__What is required__. Only text belongs in your copy of the listing below; reproduce it exactly and leave out the pictures.

__Dataset extract__.
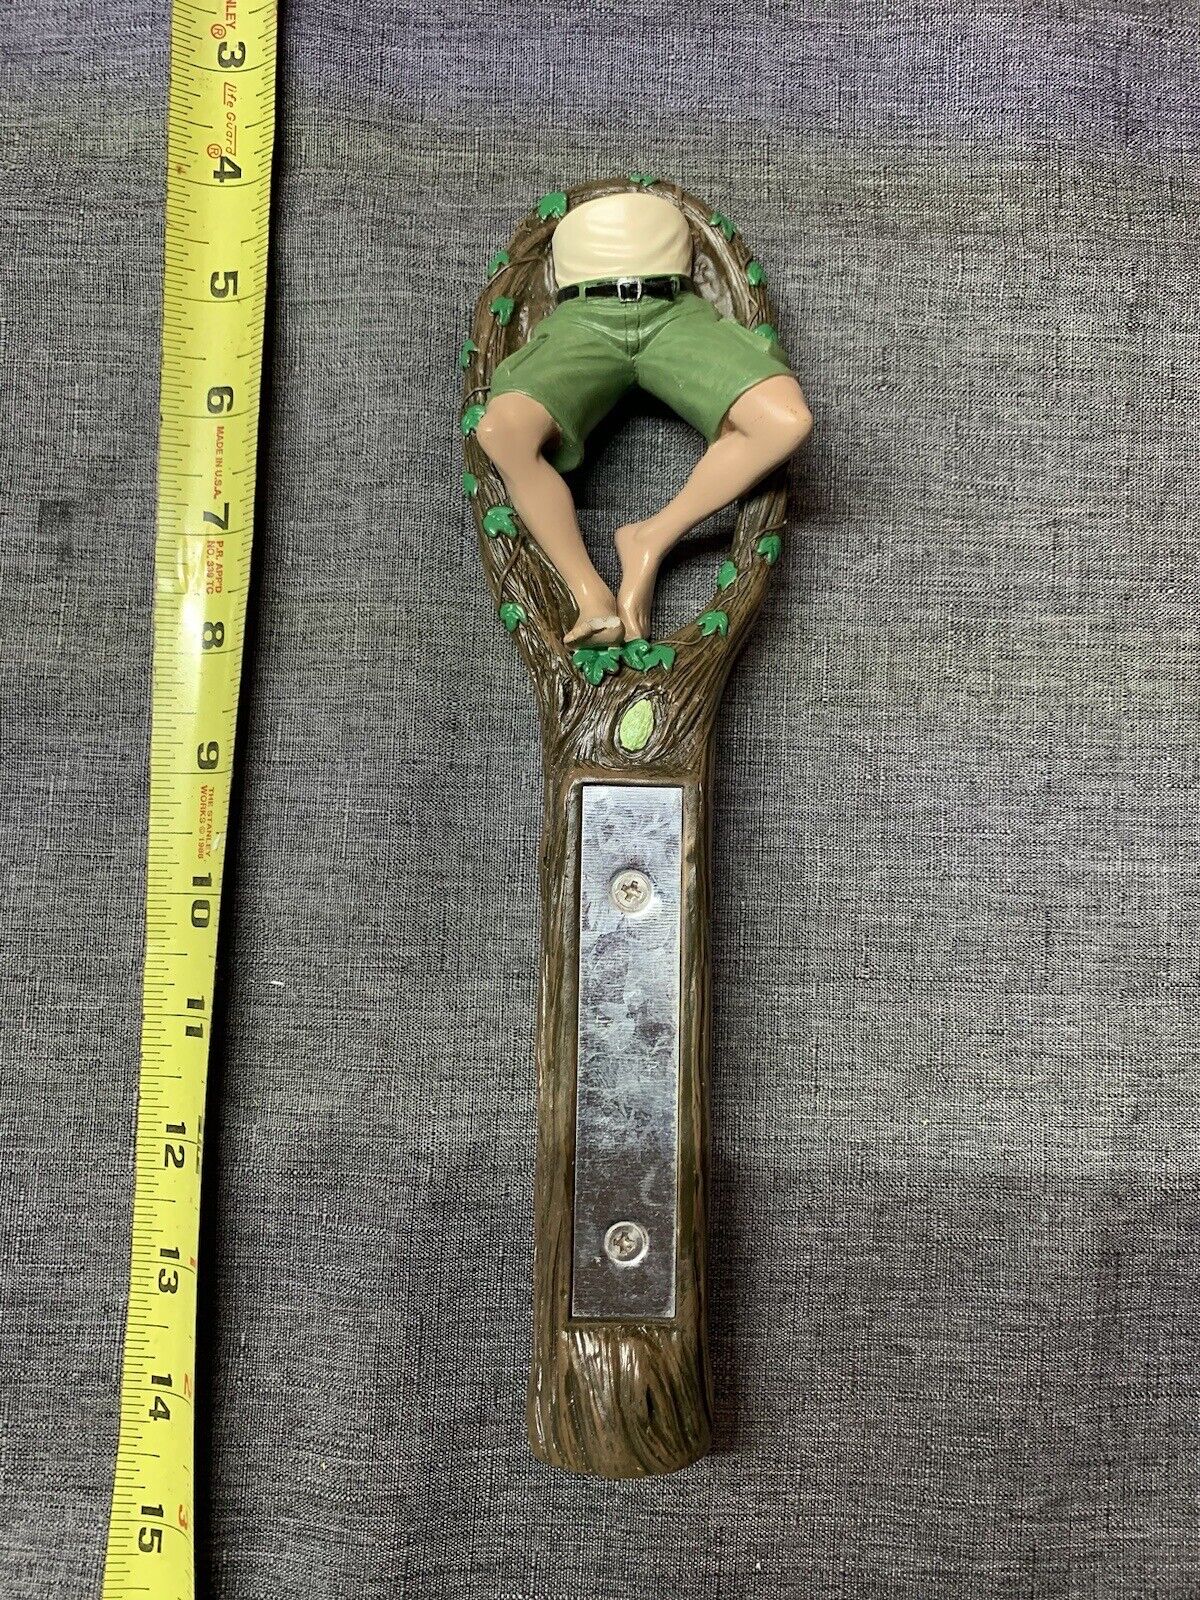 Shorts Brewing Company Figural Beer Tap Handle
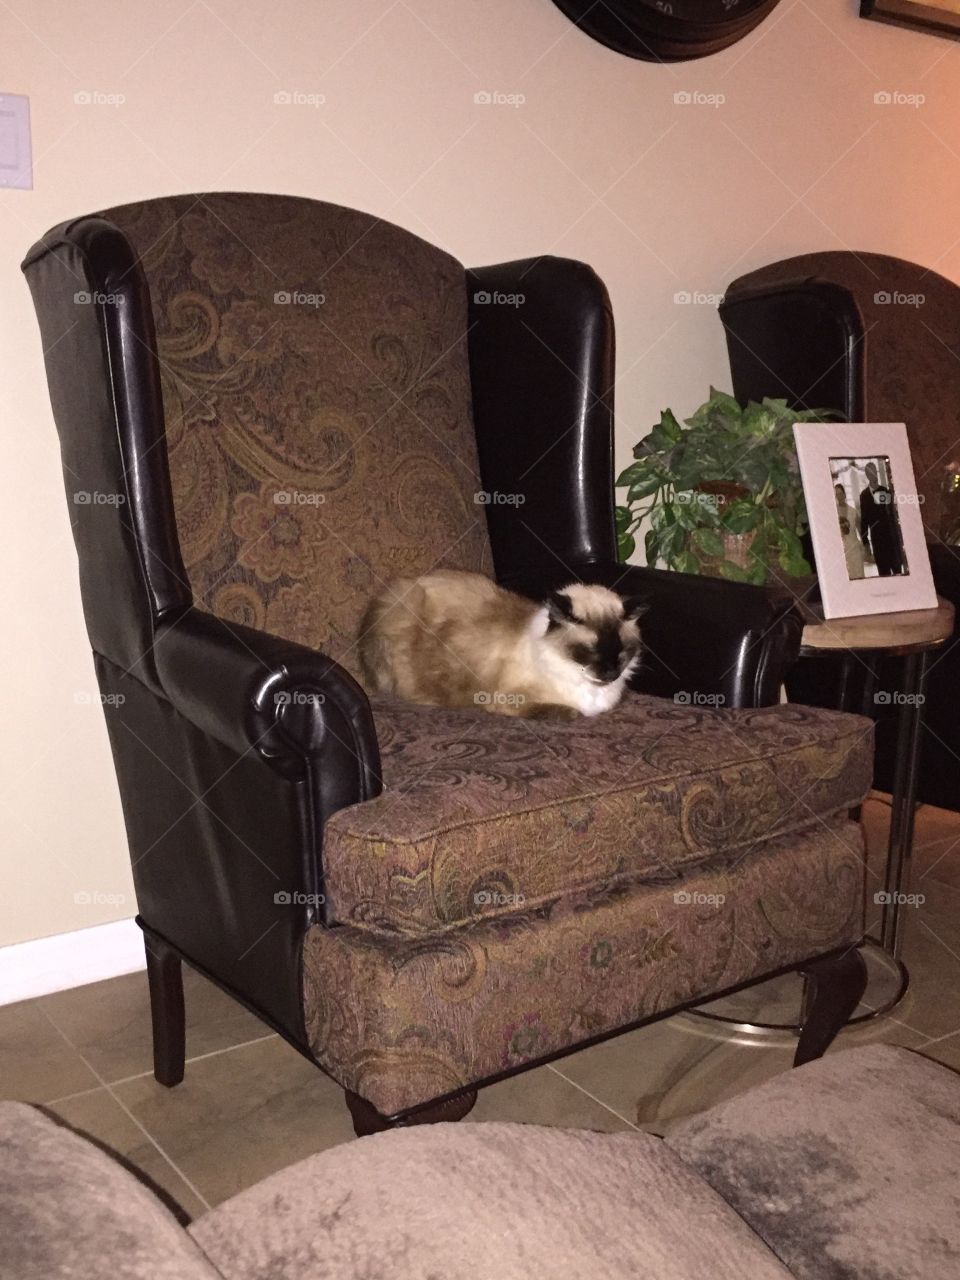 Cat on Chair 
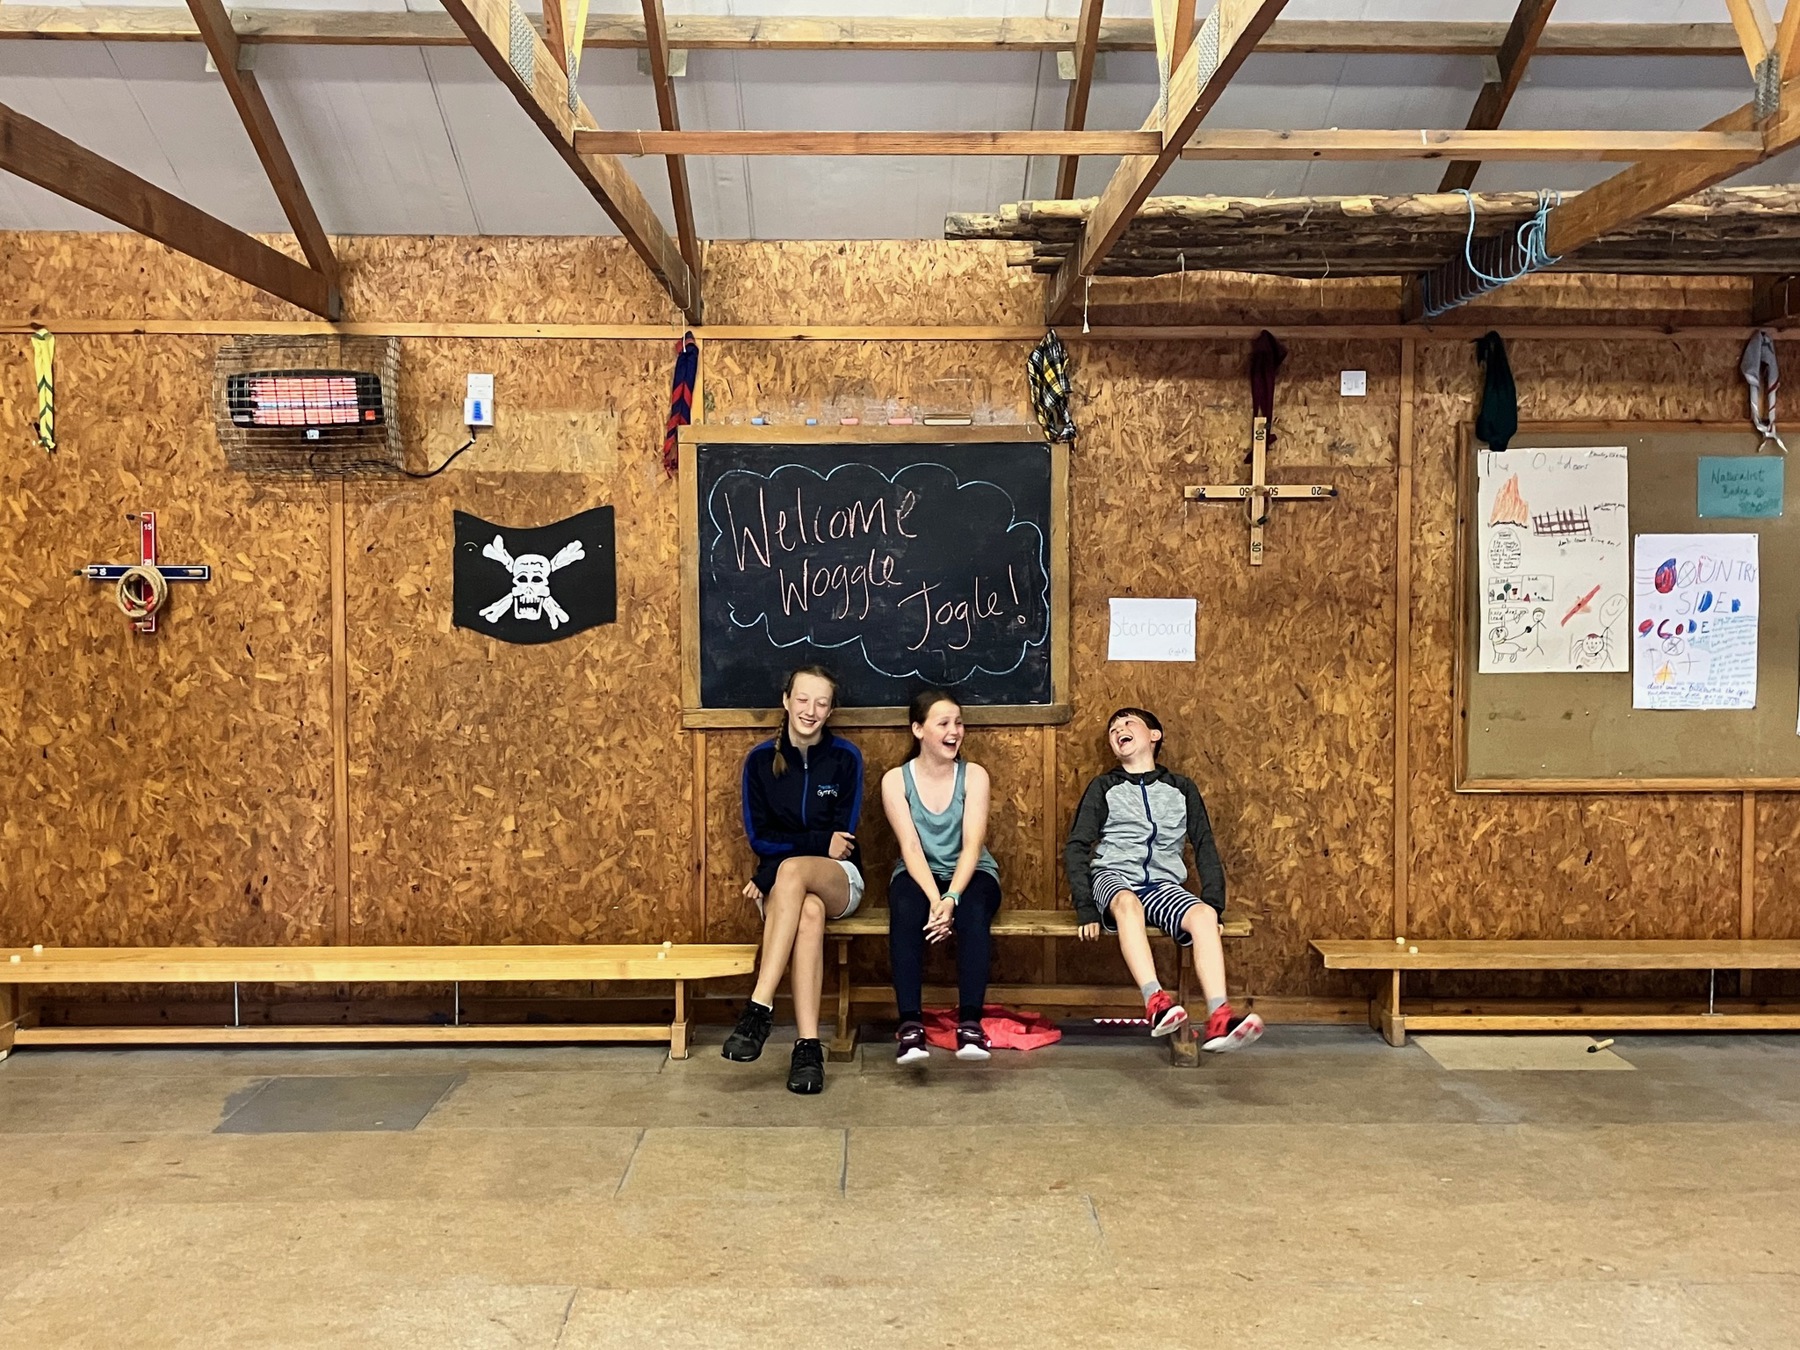 The image shows Bethan, Hattie and Ollie sat on a bench inside a wooden hut. On the blackboard behind their heads, 'Welcome Woggle JOGLE' is written. They're all laughing together.

__Task solution__.
 Shorts Brewing Company Figural Beer Tap Handle
 Cat on Chair 
 The image shows Bethan, Hattie and Ollie sat on a bench inside a wooden hut. On the blackboard behind their heads, 'Welcome Woggle JOGLE' is written. They're all laughing together.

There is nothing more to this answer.